Dust storms from Africa’s Saharan Desert traveling across the Atlantic Ocean

Dust storms from Africa’s Saharan Desert traveling across the Atlantic Ocean

The desert dust storms of the African desert crossing the Atlantic

The desert dust storms of the African desert crossing the Atlantic are not new, but the current dust storm was very large and NASA satellites looked at the huge column in June. NASA’s NOAA Suomi NPP satellite showed that the dust cover had moved over the Gulf of Mexico and spread to Central America and part of the eastern Pacific Ocean.

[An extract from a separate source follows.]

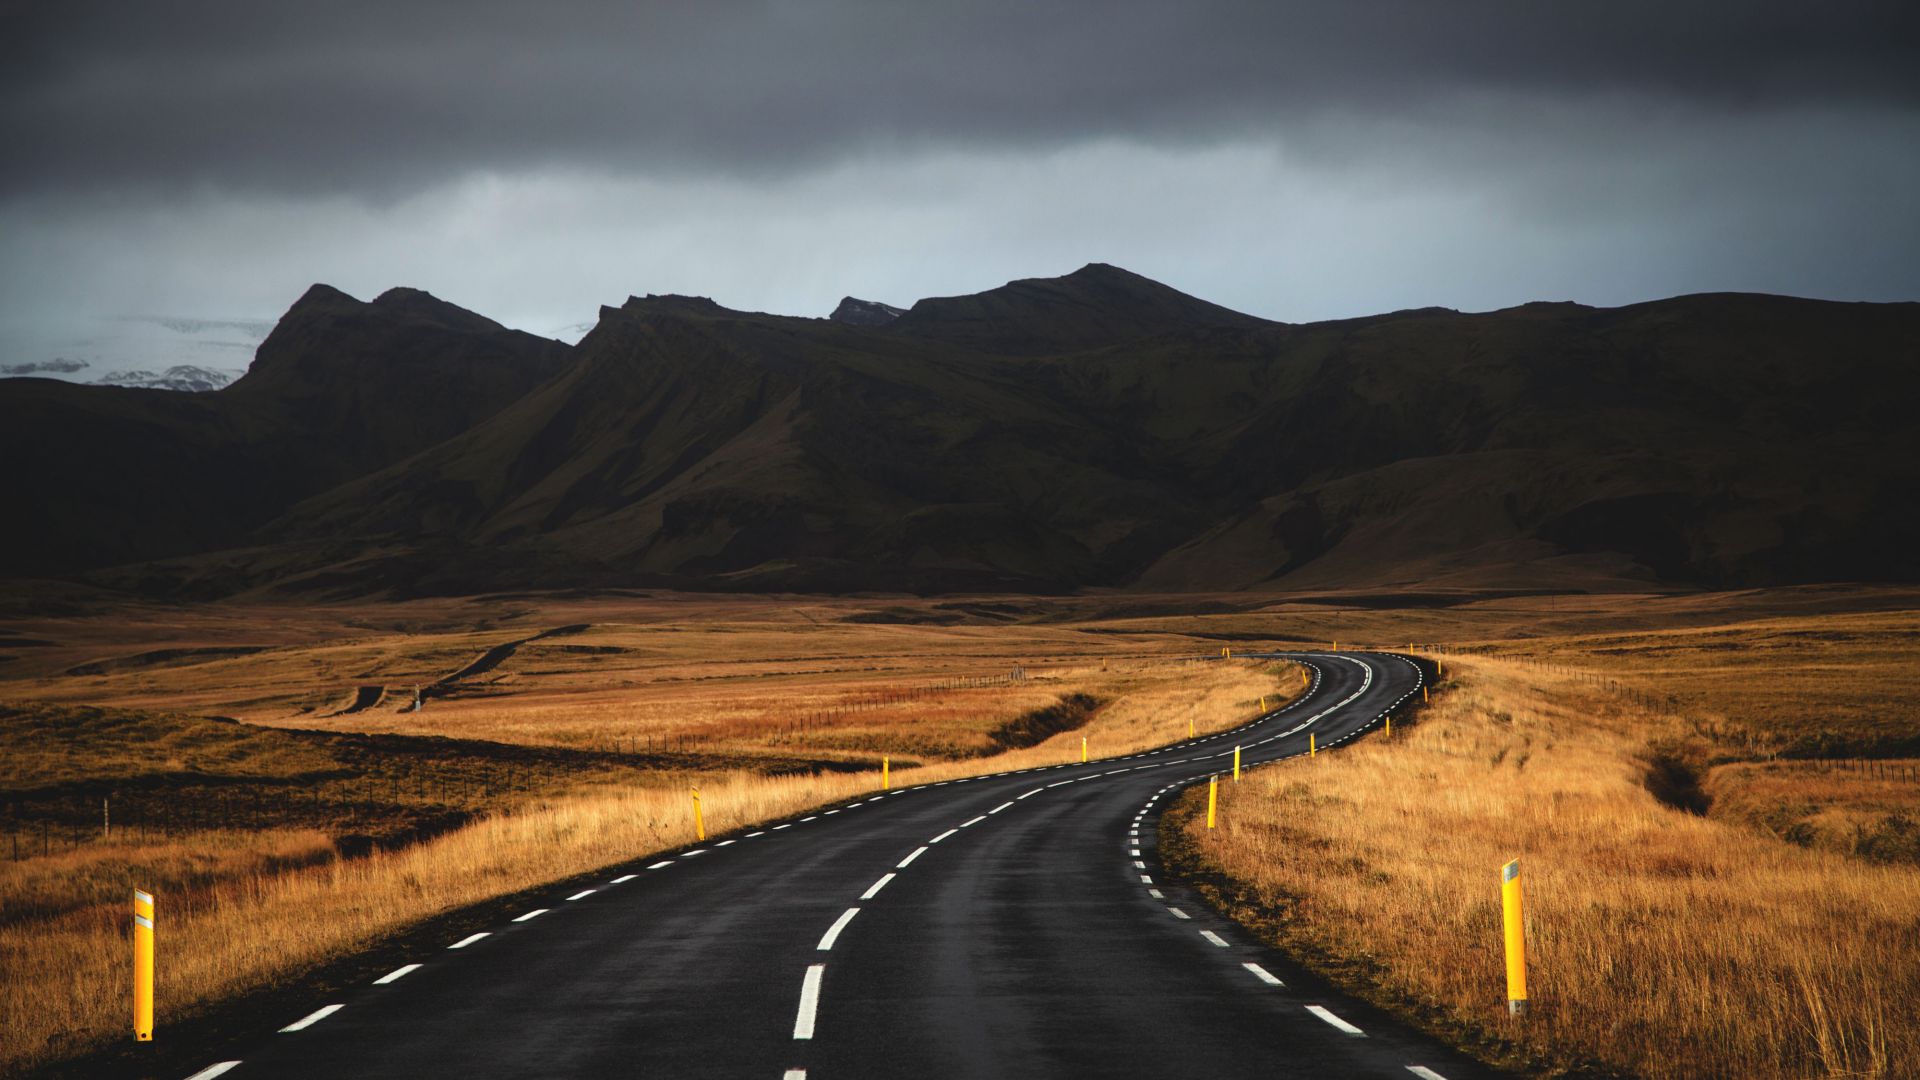 Iceland, 4k, 5k wallpaper, road, mountains, clouds (horizontal)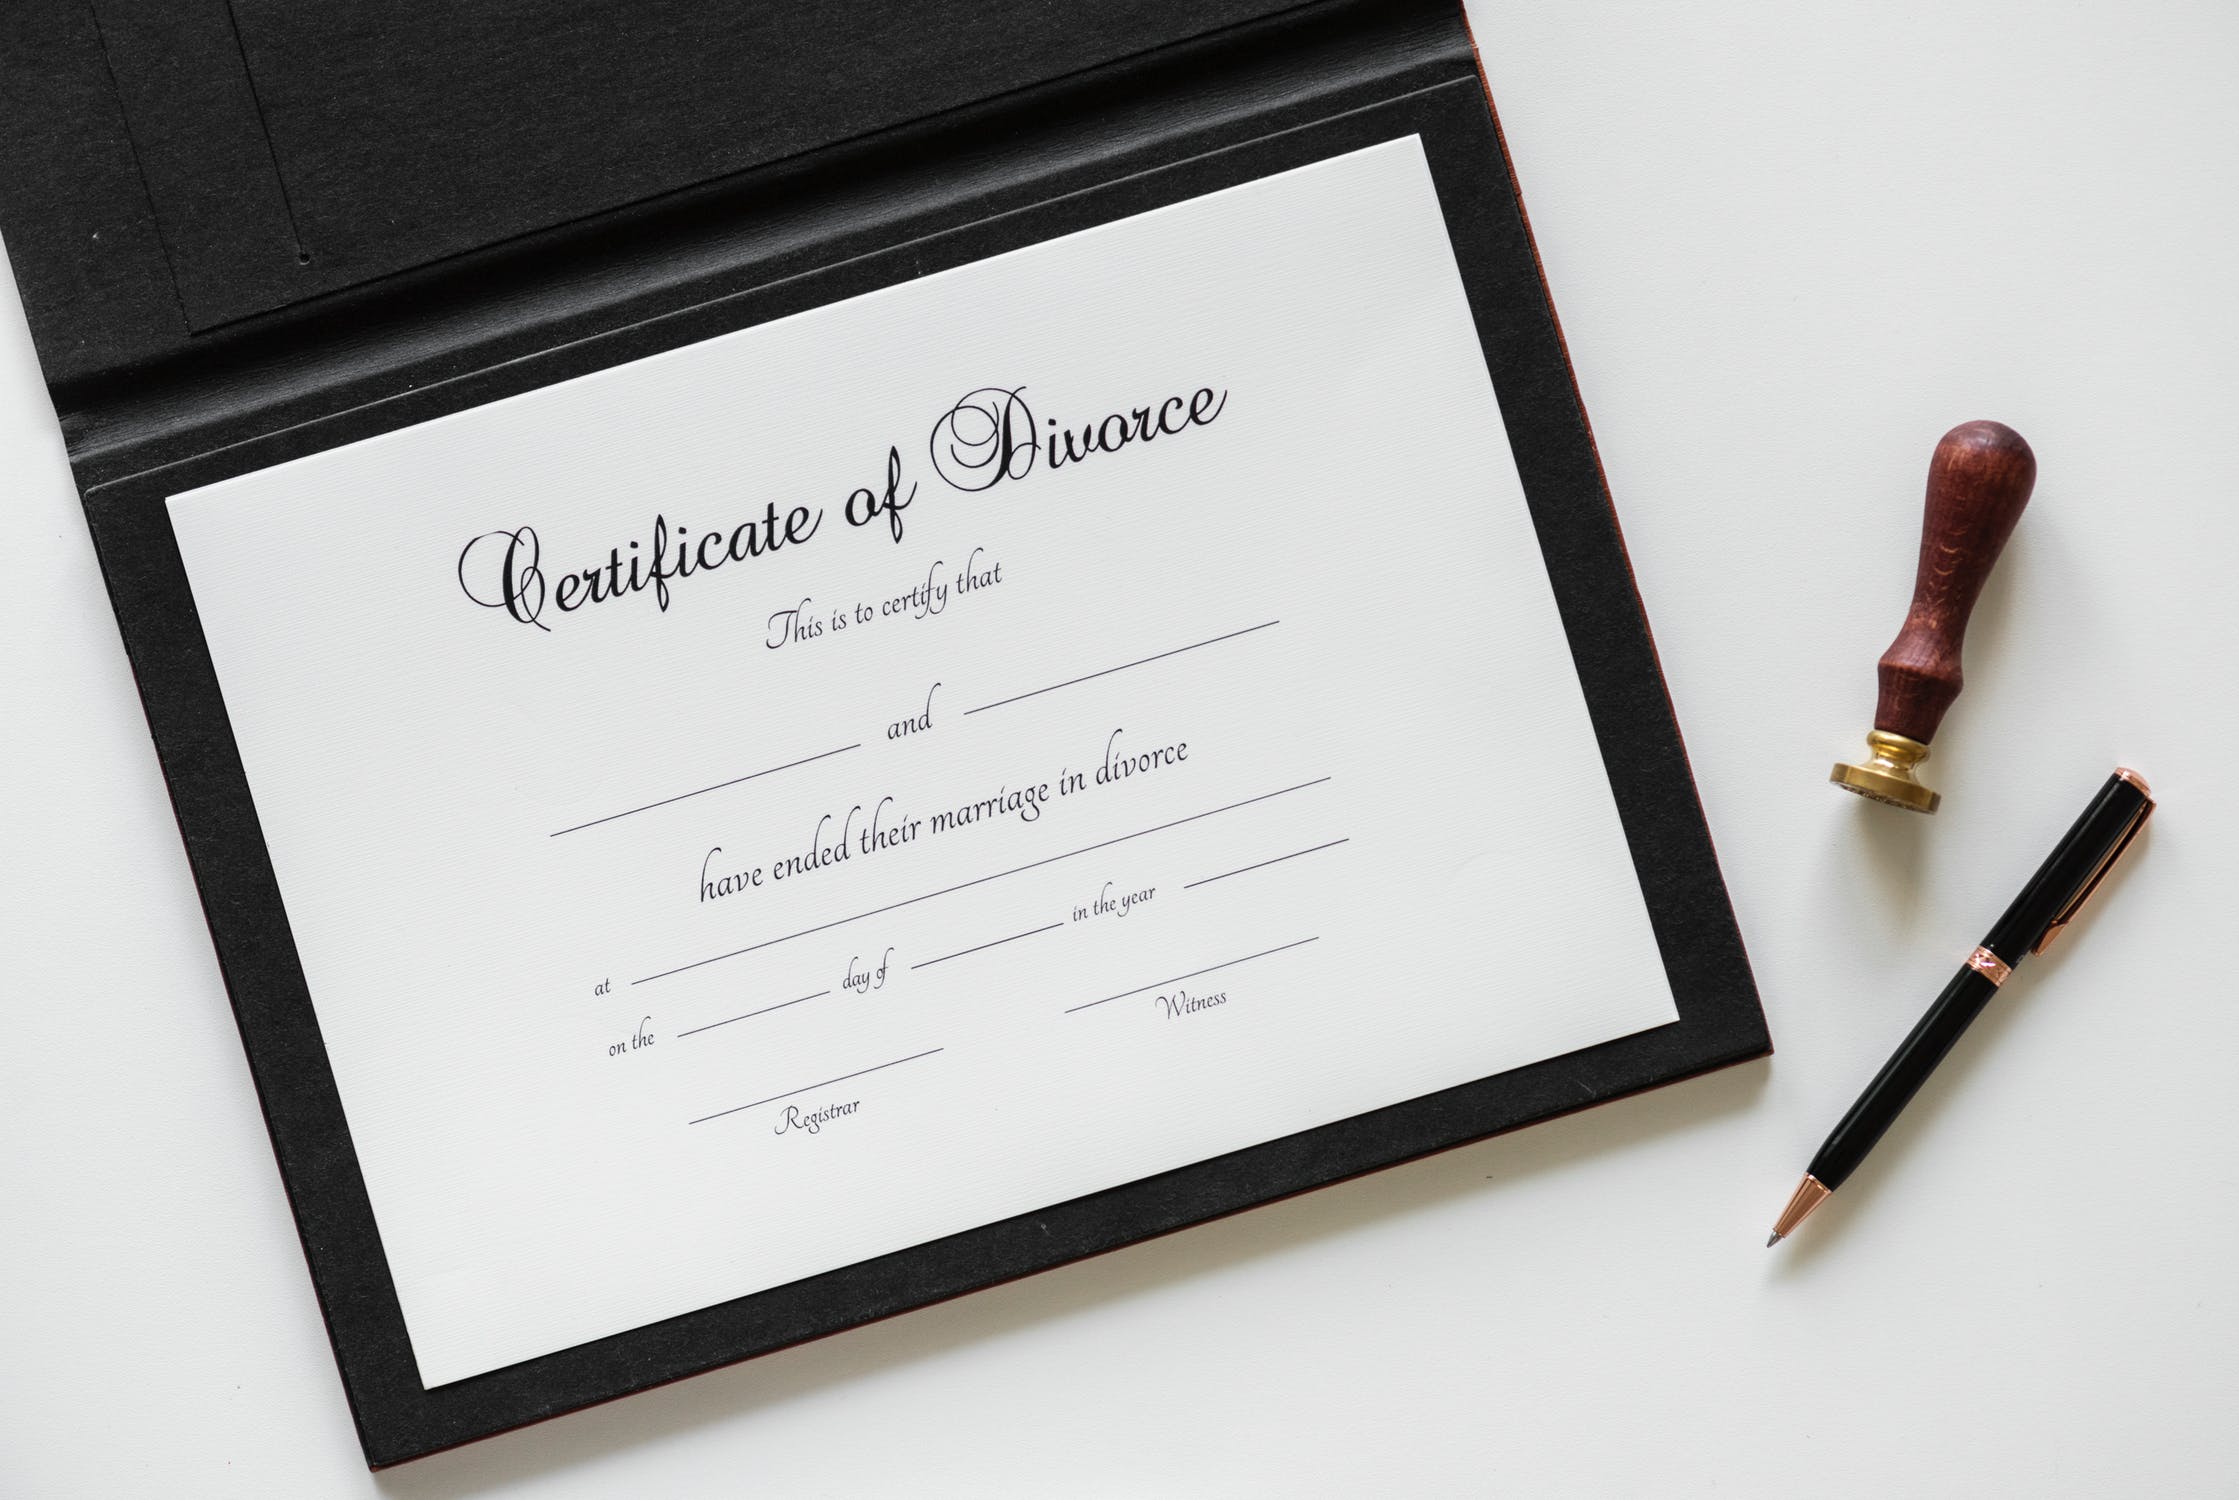 Certificate of Divorce Image

NASA uses satellites and other resources to track aerosol particles made of dust, smoke and volcanic ash from the desert. The Suomi NPP on-board Suible NPP Visible Infrared Imaging Radiometer Suite (VIIRS) provided an ozone image while the Nadir-Mapper (NM) Ozone and Stylistics (NPS) Ozone Mapping Tool on the Suomi-NPP satellite provided the absorption of aerosol index values. OMPS indicates the presence of aerosol particles absorbing light (ultraviolet (UV) – particles absorbing air) such as desert dust. The absorbed aerosol index is related to the thickness and height of the aerosol layer.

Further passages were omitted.